Keywords: basal ganglia, 11C‐raclopride positron emission tomography, non‐motor skill learning, probabilistic learning, procedural learning, weather prediction task
INTRODUCTION
Historically, declarative (explicit and conscious) and procedural (implicit and unconscious) forms of learning were considered to be based on two distinct memory systems, respectively, mediated by the medial temporal lobe (MTL) structures and the basal ganglia (Butters et al., 1985; Cohen and Squire, 1980; Knowlton et al., 1996a). These are now known to interact and act cooperatively or competitively during difference stages and conditions of learning (Foerde et al., 2006; Moody et al., 2004; Poldrack et al., 2001b, 1999; Seger and Cincotta, 2006; Wang et al., 2010).
One task that has been employed to study incidental learning in man is the weather prediction task (WPT), initially employed by Knowlton et al. (1994). The WPT is a probabilistic classification task involving incremental learning over many trials, also considered to occur without any explicit knowledge. On each trial, participants are presented with a particular arrangement of 1, 2, or 3 of 4 possible tarot cards (Fig. 1), each of which shows a different pattern (e.g., squares, diamonds, circles, or triangles). Participants are required to use the cards presented on each trial to predict a binary outcome: whether the weather will be rainy or fine. Each of the four cards is independently associated with the two possible outcomes with a fixed probability, and overall the outcomes occur with equal frequency. For example, the squares, diamonds, circles and triangles, respectively, predict the outcome ‘fine’ with a fixed probability of 0.2, 0.4, 0.6, and 0.8. Typically, participants perform around 200 trials of the WPT with corrective feedback (FB) on each trial. The feedback consists of a ‘thumbs up’ or ‘thumbs down’ message following correct and incorrect responses, respectively. By learning the independent cue‐outcome associations across trials, healthy participants can improve their predictive accuracy to well above chance across training trials on the WPT.
In one early study, Knowlton et al. (1996a) observed a double dissociation between the WPT learning of amnesic patients with MTL damage and Parkinson's Disease (PD) patients with striatal dysfunction, with only the latter group showing impaired learning on this task. This was supported by subsequent studies which confirmed impaired probabilistic classification learning in both patients with PD (Jahanshahi et al., 2010; Knowlton et al., 1996a; Shohamy et al., 2004; Wilkinson et al., 2008, Experiment 2; Witt et al., 2002) and Huntington's disease (HD) (Holl et al., 2012; Knowlton et al., 1996b).

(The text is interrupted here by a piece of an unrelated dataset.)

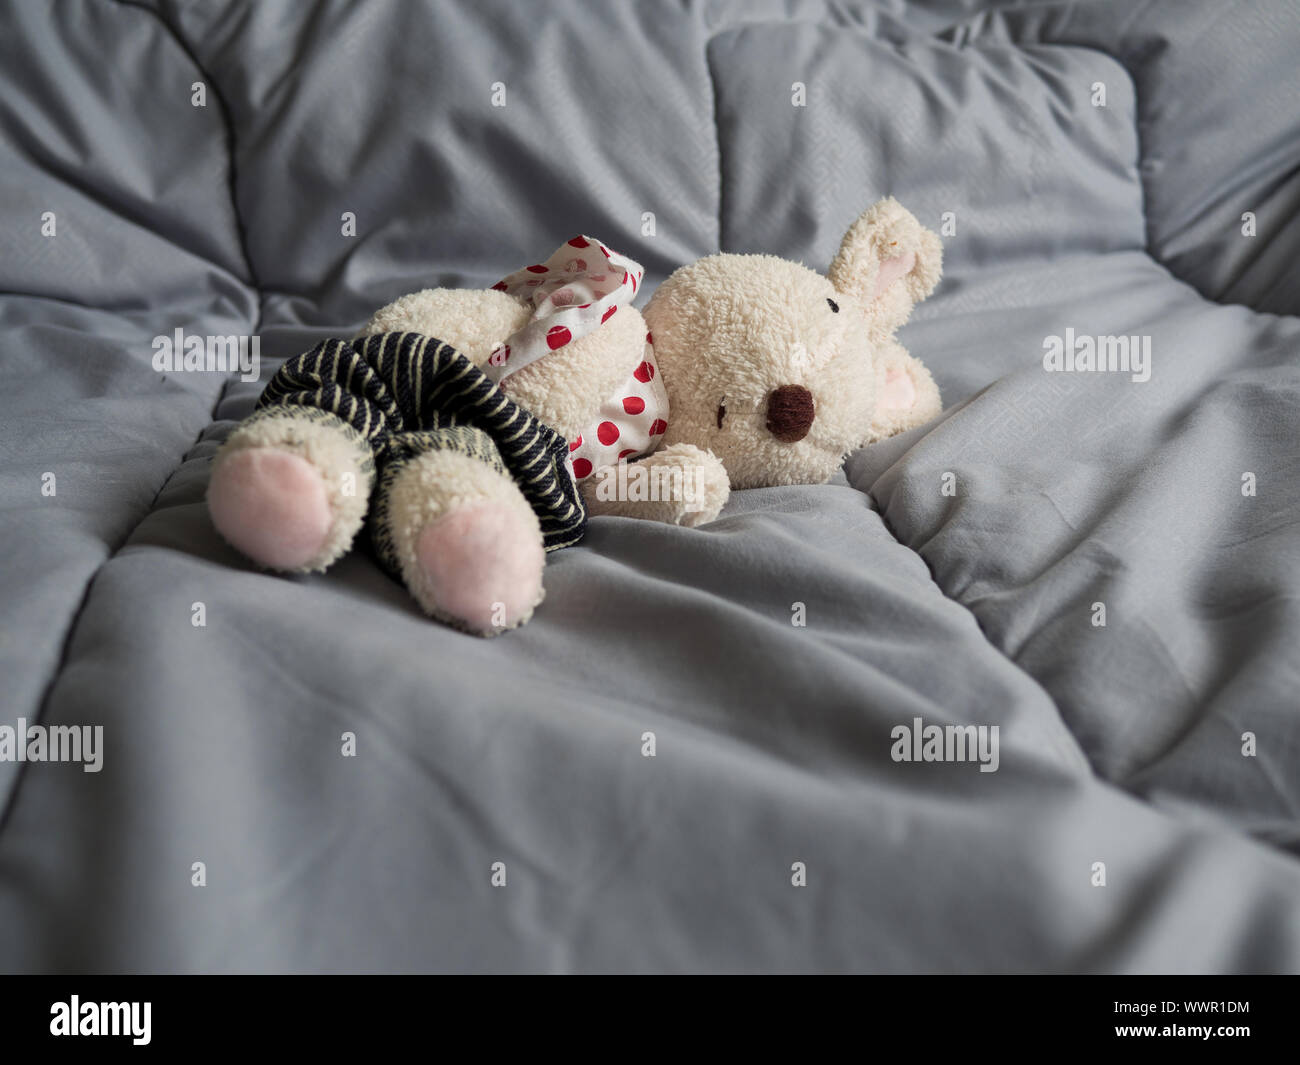 Rabbit doll that was stripped of clothes, statutory rape concept Stock Photo
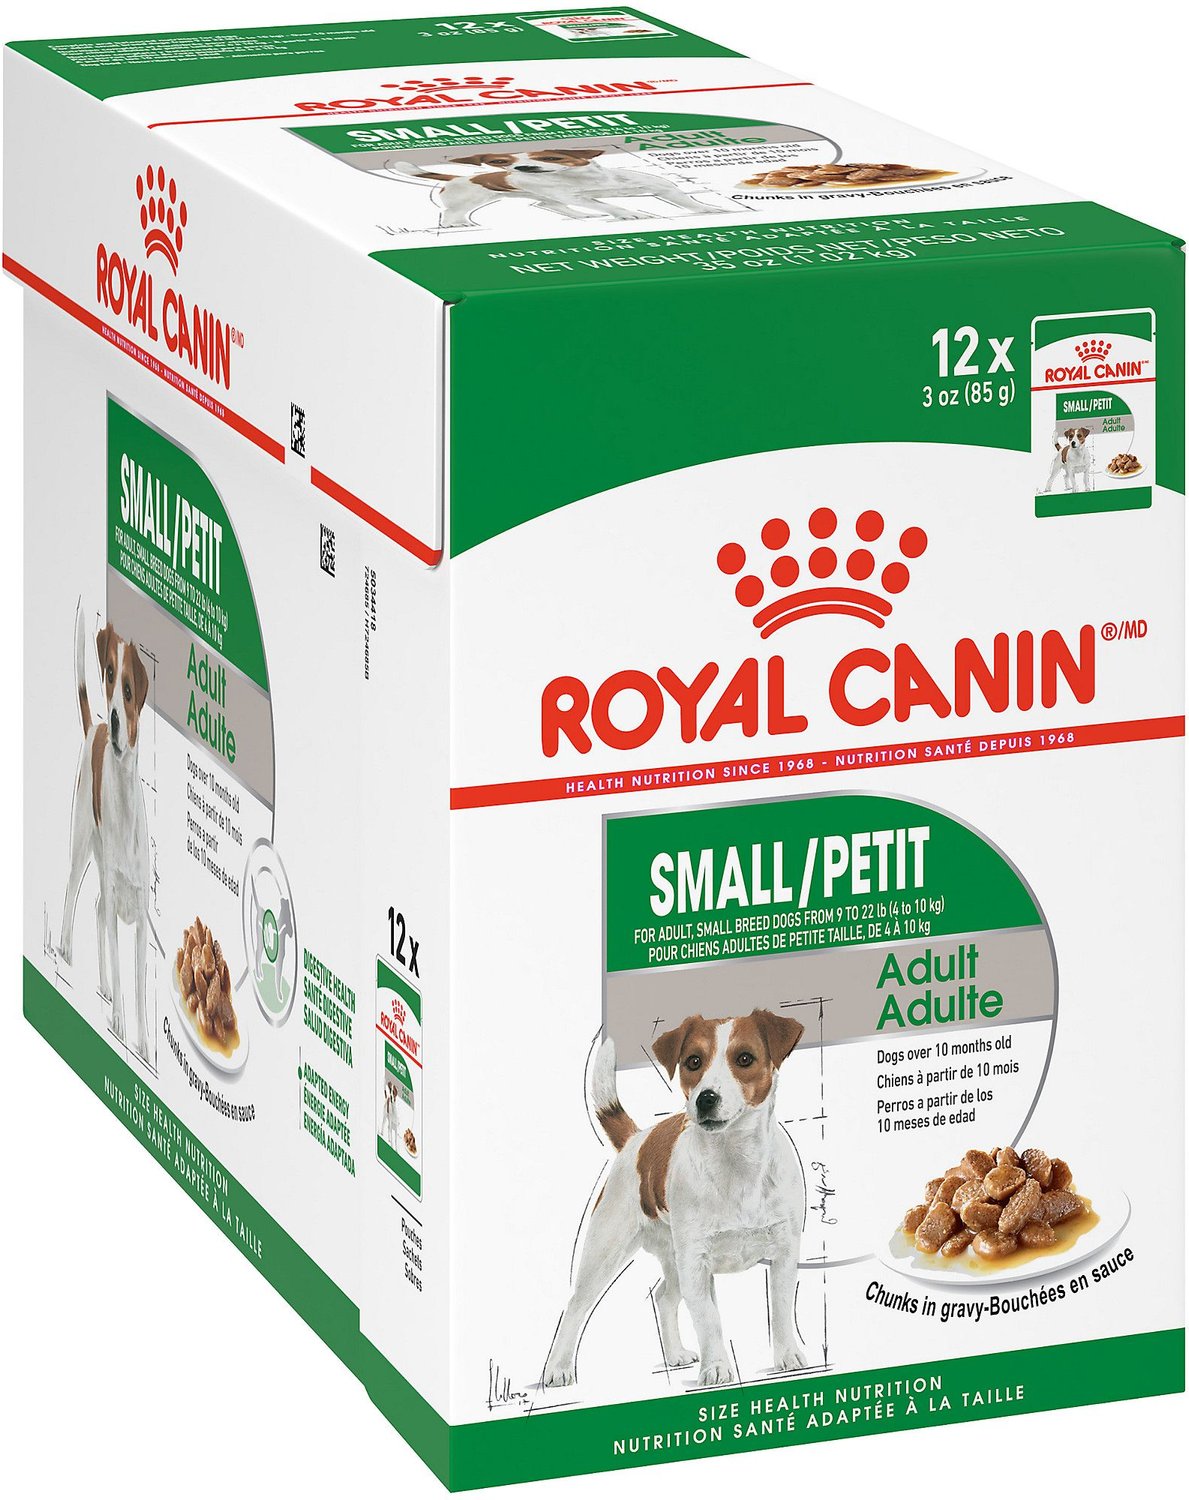 ROYAL CANIN Small Adult Wet Dog Food, 3oz pouch, case of

Shohamy et al. (2004) reported that while PD patients were impaired relative to controls on the ‘standard’ version of probabilistic classification learning which involves learning with corrective feedback (i.e., FB‐based), they were unimpaired on a paired associate (PA) version of the task, where learning occurred via observation and without corrective feedback. It was concluded from these findings that PD patients are impaired at probabilistic classification learning because it entails learning with corrective feedback rather than because incidental learning per se recruits the BG. However, Wilkinson et al (2008) failed to observe a selective deficit in FB relative to PA‐based WPT learning in PD patients, and instead found impairments in both PA and FB learning in PD that were related to the severity of disease—with less severe patients being unimpaired at WPT learning. Furthermore, it has been demonstrated that relative to controls, patients with PD were impaired on the standard WPT task when tested on dopaminergic medication but not in the off state (Jahanshahi et al., 2010). Therefore, based on these results it is likely that the presence or absence of corrective feedback, disease severity and medication state are all important in determining whether PD patients are impaired at probabilistic classification learning on the WPT.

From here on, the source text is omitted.